The diagnosis also unraveled the long history of mental illness on Ricky’s father’s side of the family. Even though there isn’t a single gene responsible for schizophrenia, a combination of genetic markers have been found to make people more vulnerable to this condition. Past studies have also shown that schizophrenia tends to run in families.

The diagnosis was also frightening. About the diagnosis, Erinn said: “It made me a little scared. Especially because I have other children in the house.” Still, the diagnosis was a means to get medical and emotional support for Ricky, Erinn, and the rest of the family. Since then, Ricky has improved his hygiene, started a long-term relationship, and started work as a waiter.

The diagnosis has helped connect Erinn to supportive resources and a community. “I was able to finally research his condition and find support groups,” Erinn said. It allowed her to support Ricky in new ways: “I began to talk with him differently; I knew certain questions to ask or what to look for.” The diagnosis also enabled Ricky to get on medication. Fortunately, Ricky could see what a big difference the medication made for his wellbeing and has stayed on it ever since.

Cautiously watchful

Even with all of this newfound support, Erinn fears for Ricky’s safety every day: “My number one fear would be him killing himself.” Living with that fear is exhausting and devastating for Erinn and the rest of the family. They all monitor his behaviors—Erinn’s kids occasionally sending her photos of Ricky throughout the day, and they make sure to keep a close eye on his mood, actions, and habits.

And having utilized every available option out there, Erinn says, “I wish there was more help for people like him.” With that in mind, she had a piece of advice for families living with schizophrenia: “Be that advocate—research and know what you're dealing with.”

Again, whenever she spoke about Ricky, you could hear how much she admires his resilience: “It is tough to live a life like my son; he is the strongest person I know, because of what he has to live through and what he's going to live through for the rest of his life.”

Perspectives on genetic screening for future families

Looking back, Erinn regrets not having pursued a diagnosis earlier. She also wishes that she had more support before pregnancy. When talking about preconception genetic testing for common conditions, including schizophrenia, Erinn said: “If I could have done it, I would have done it.”

The option for embryo screening would have also been something Erinn would have considered: “if I had the option to pick between embryos and choose the one with a lower risk for schizophrenia, I would.

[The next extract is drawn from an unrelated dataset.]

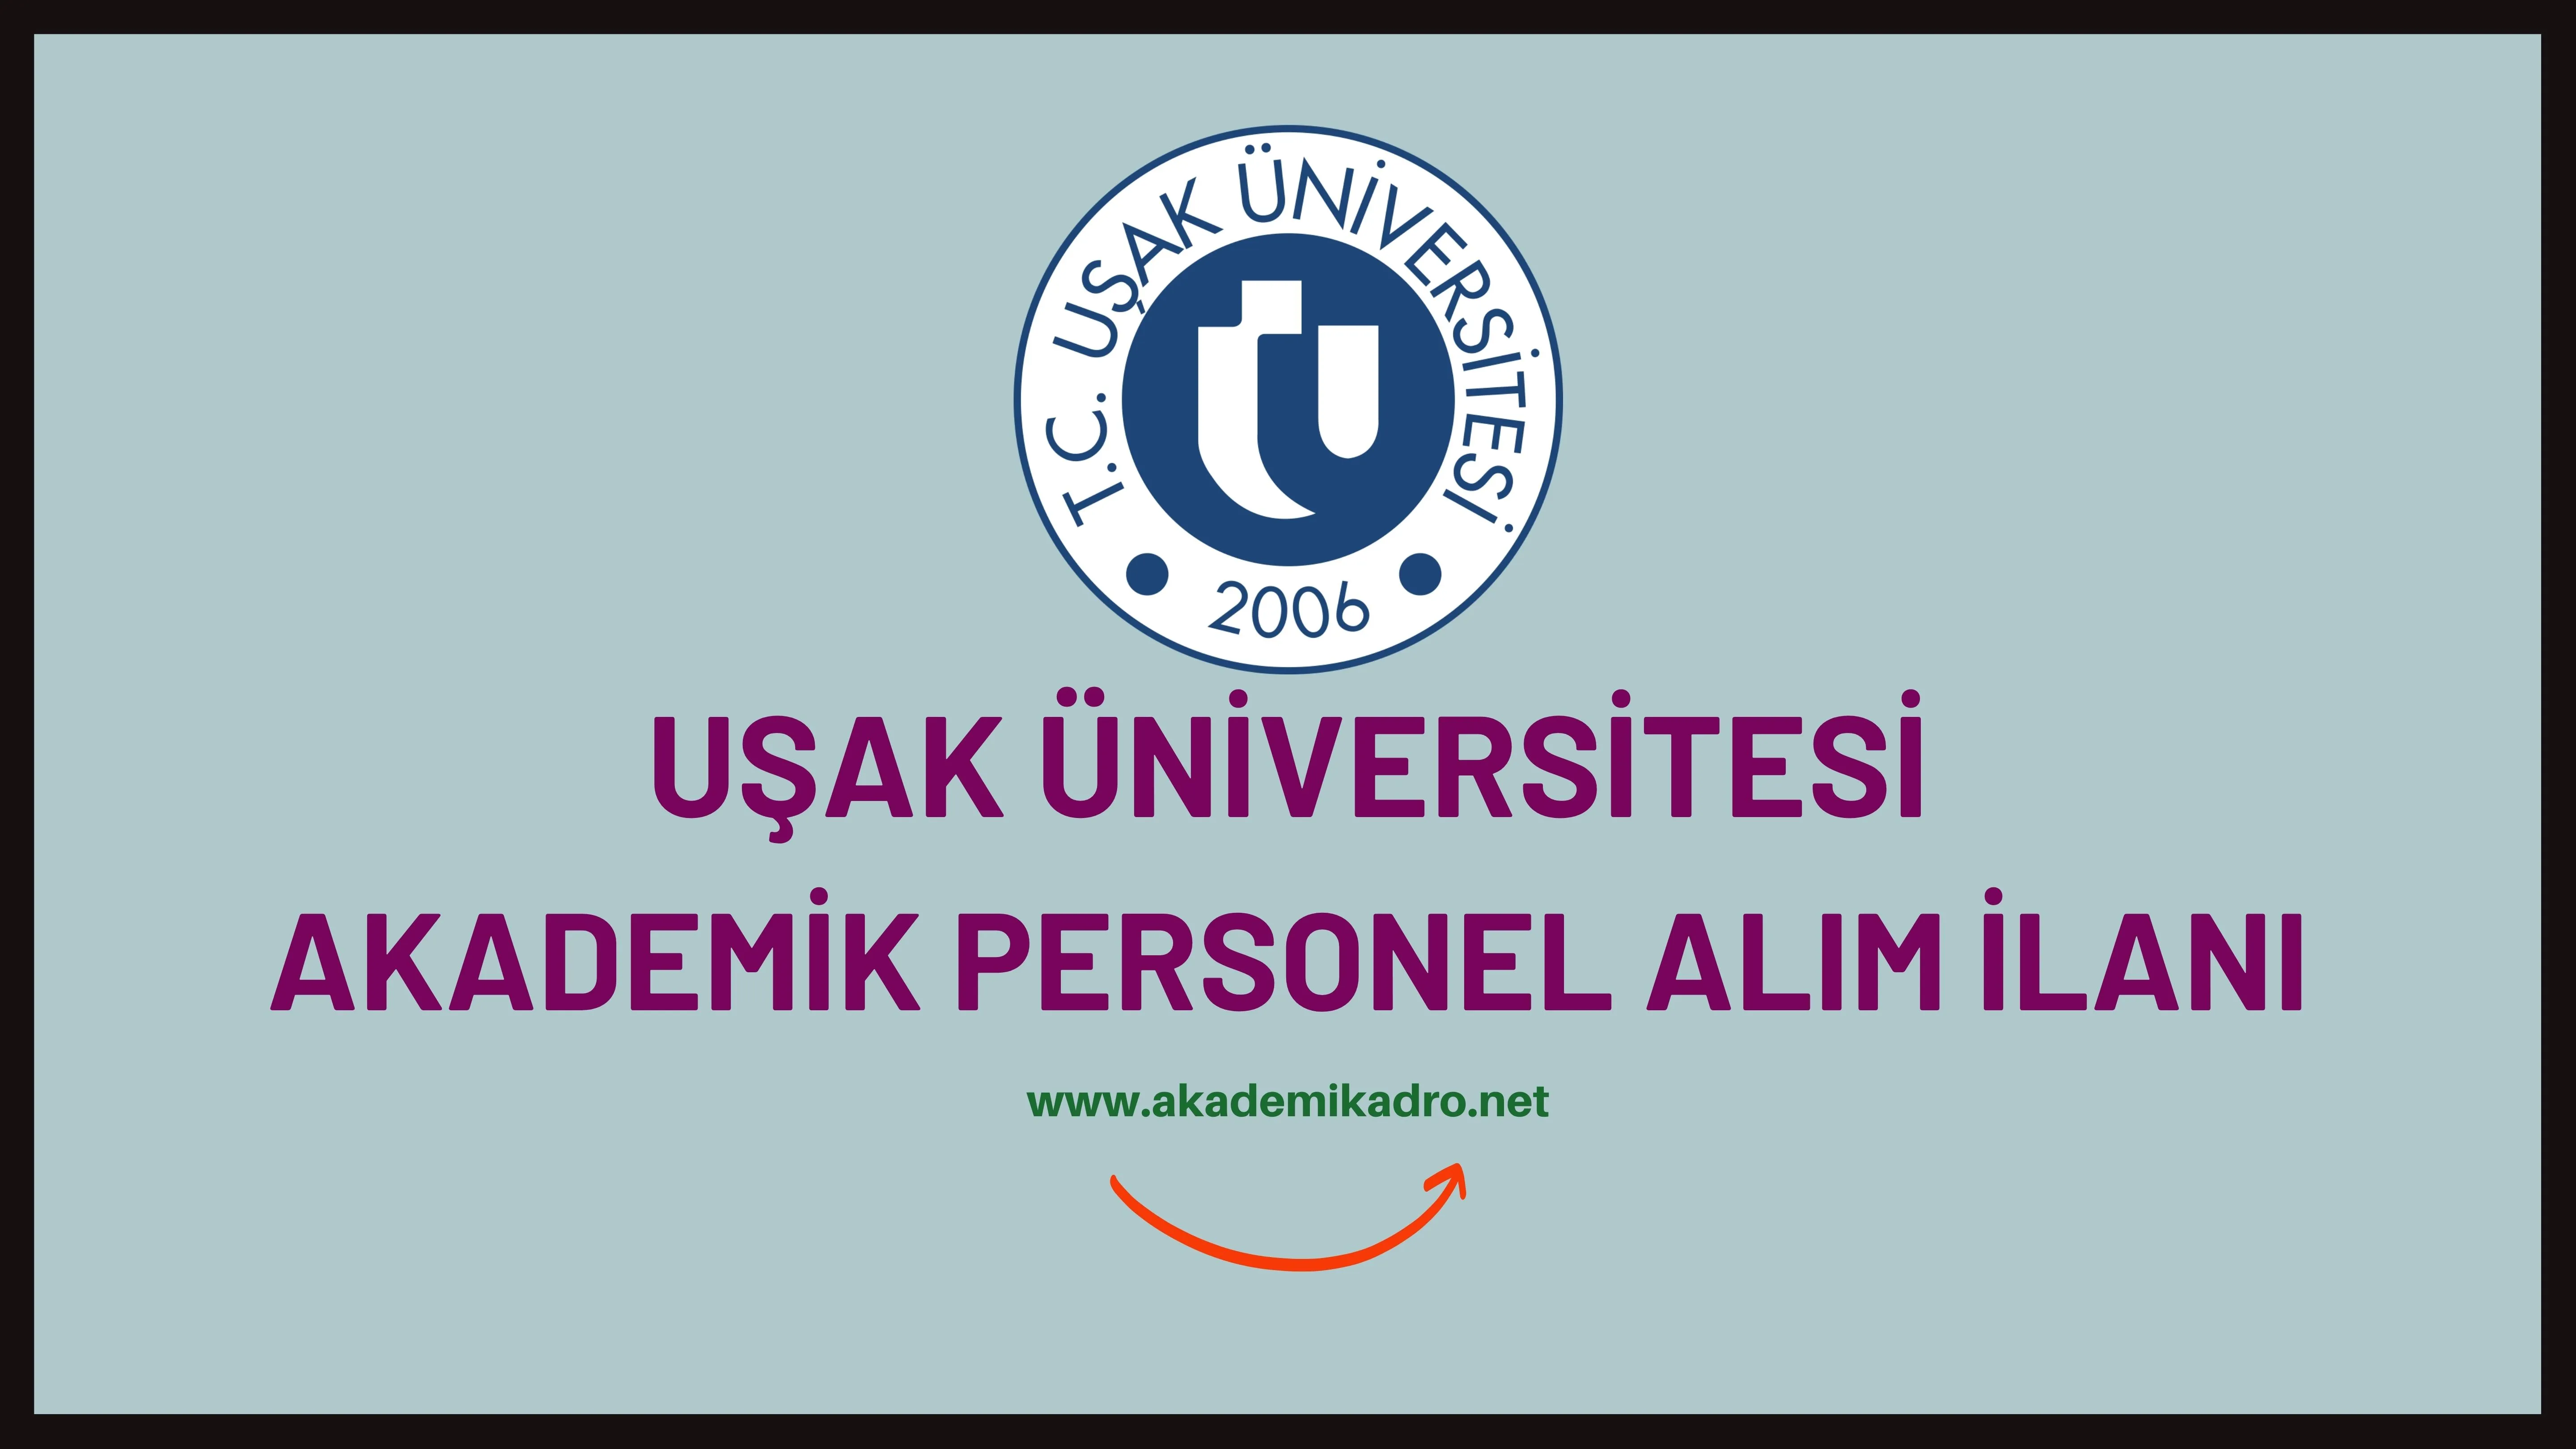 Uşak Üniversitesi birçok alandan 23 Öğretim üyesi alacak. Son başvuru tarihi 09 Haziran 2023.

Because you wouldn’t want to bring someone into this world with it.”

For Erinn, genetic testing isn’t only about the future child, but also about the future child’s children. “Obviously it's in their blood, as well their DNA...And when they have kids...But if you have children, then you would at least know what to look out for.”

Erinn had a message for future parents: “You wouldn't wish schizophrenia on anyone...I would tell parents to consider doing the testing. It’s better for everybody.”